Un peu plus tard. La seconde partie est commencée depuis peu de temps et l'instant tant attendu par la foule se trouvant dans la fausse arrive enfin : Johnny et certains de ses musiciens vont, sous l'air du légendaire PÉNITENCIER (6), sur la petite scène située au centre du stade pour une séquence acoustique et nostalgique. C'est magnifique. Je n'en reviens pas : il est à quelques mètres ! Avec cette ambiance on se croirait dans un vieux club de blues aux États-Unis. Les quelques reprises et ses vieux titres, LA FILLE DE L'ÉTÉ DERNIER (7) et LA TERRE PROMISE (8), sont un vrai bonheur. Il aura 66 ans lundi et ça ne se voit vraiment pas. D'ailleurs, lorsqu'on le voit ainsi on se dit que l'âge n'est qu'un chiffre. Un détail insignifiant. Ce petit passage se termine par une version tendre et mélancolique de QUELQUE CHOSE DE TENESSEE (9), bien entendu en hommage à Michel Berger, auteur de cette merveille qui a refait, en partie, la carrière du grand en 1985. Avec cette version, on se croirait cette fois dans des petites rues glauques du New-York en plein milieu de la nuit. Le spectacle se poursuit. Encore une dizaine de titres. La fin est proche...

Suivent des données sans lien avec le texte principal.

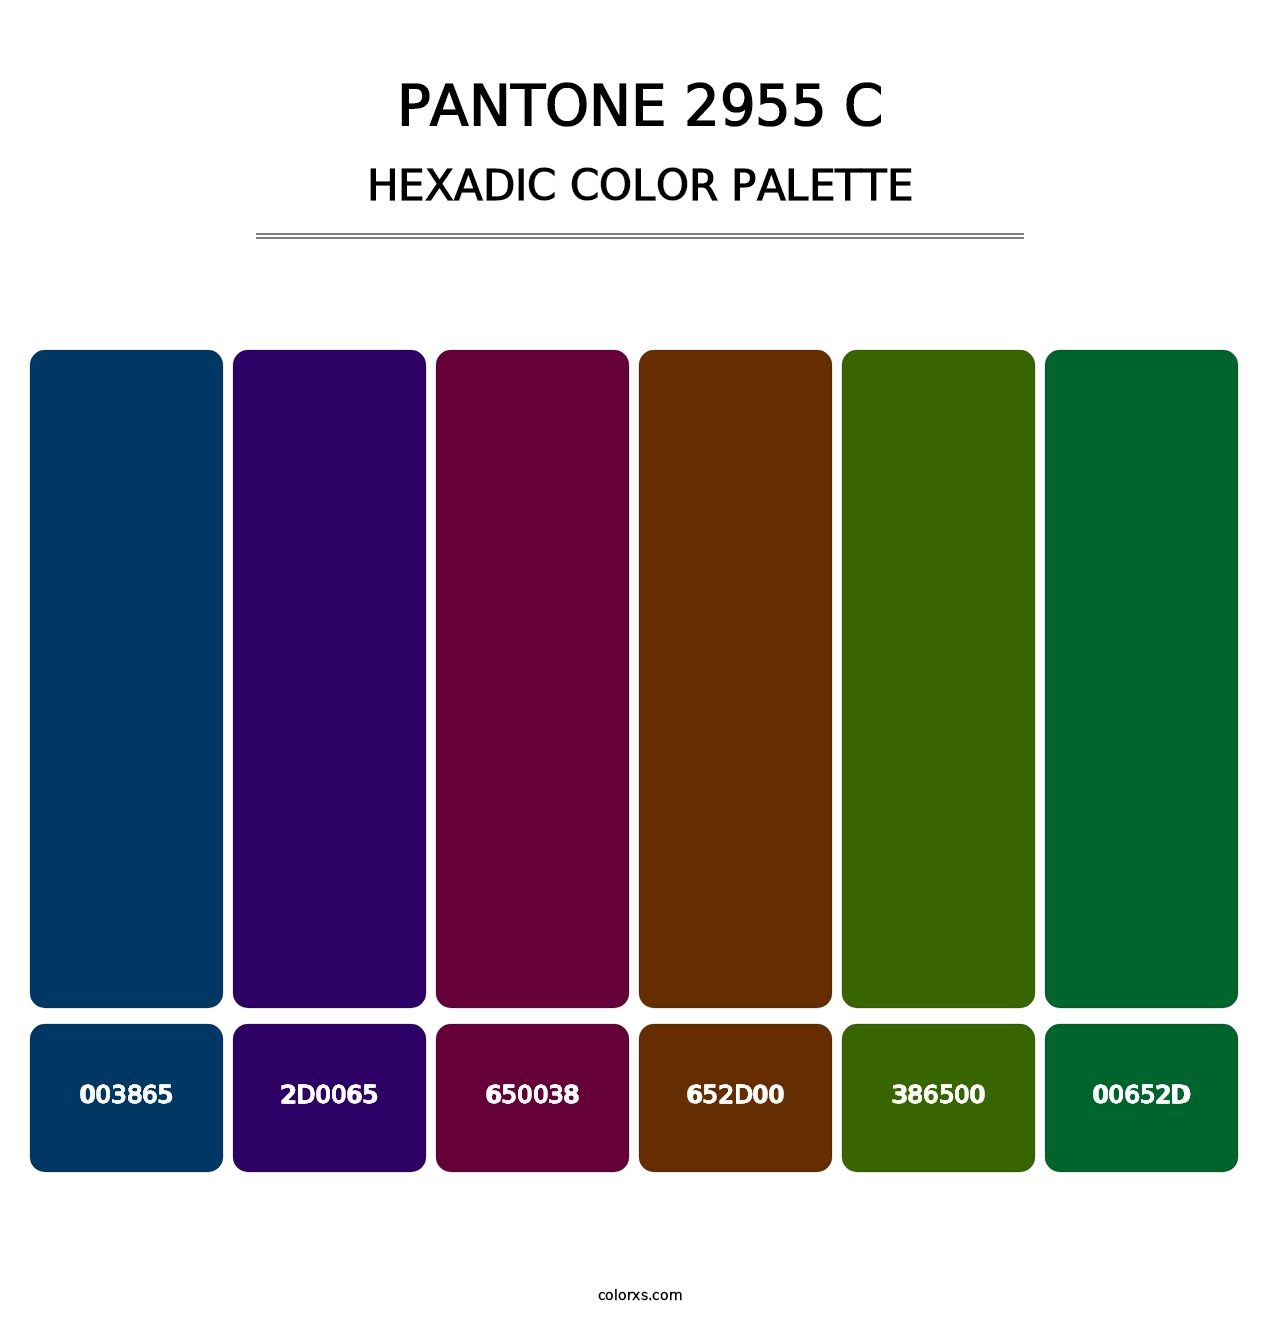 PANTONE 2955 C - Hexadic Color Palette

L'ENVIE (10) se termine dans un mélange de fureur et de folie. Il vient de nous offrir plus de deux heures incroyables. Plus de deux heures de souvenirs, de rock, de blues et de l'émotion. Il nous salue avec ses musiciens. Il s'en va. Ils le suivent.
Nous hurlons son prénom. On en veut encore. La scène ne se rallume pas, reste ainsi. L'aigle nous observe toujours. Les premières notes du très beau ÇA N'FINIRA JAMAIS (11) se font entendre d'un coup. Il arrive de nouveau avec son « Ça ne peut pas finir ! Et j'aurai beau partir, je resterai toujours pour toi, à portée de voix, tu le sais bien... ».
Il continue à crier « Non ça n'finira jamais ! On refera la route, je vous le promets ! ». Son interprétation est à chialer. Ici cette chanson, aussi prenante et poignante soit elle, ressemble à un faux espoir. Elle n'est pas encore terminée que des applaudissements se font entendre. Elle se termine. Il retourne en coulisses. Cette version live de ce titre signé Calogero est une merveille. Mais trop forte pour l'occasion...
Les premières notes du magnifique ET MAINTENANT (12) se font tout de suite entendre. La fin approche. Il revient de nouveau sur scène. Là c'est un véritable jeu de comédien qu'il nous offre. Il regarde autour de lui, comme si le stade était vide. Comme si les lumières étaient éteintes. Elle approche...
« Et maintenant que vais-je faire / De tout ce temps que sera ma vie / De tous ces gens qui m'indiffèrent / Maintenant que vous êtes partis... »
Sa version est superbe, vraiment taillée pour lui. Émouvante à souhait. Il l'interprète brillement. On s'y croirait. On croirait vraiment qu'il en pleure, qu'il est dégoûté de partir, comme si il n'avait pas le choix. Je sens que c'est la dernière fois que je vois cet homme qui, depuis que je suis né, est pour moi un dieu vivant. L'homme le plus fort de cette putain de Terre. Depuis 50 ans il fait ce métier et des concerts de ce genre. Chapeau l'artiste.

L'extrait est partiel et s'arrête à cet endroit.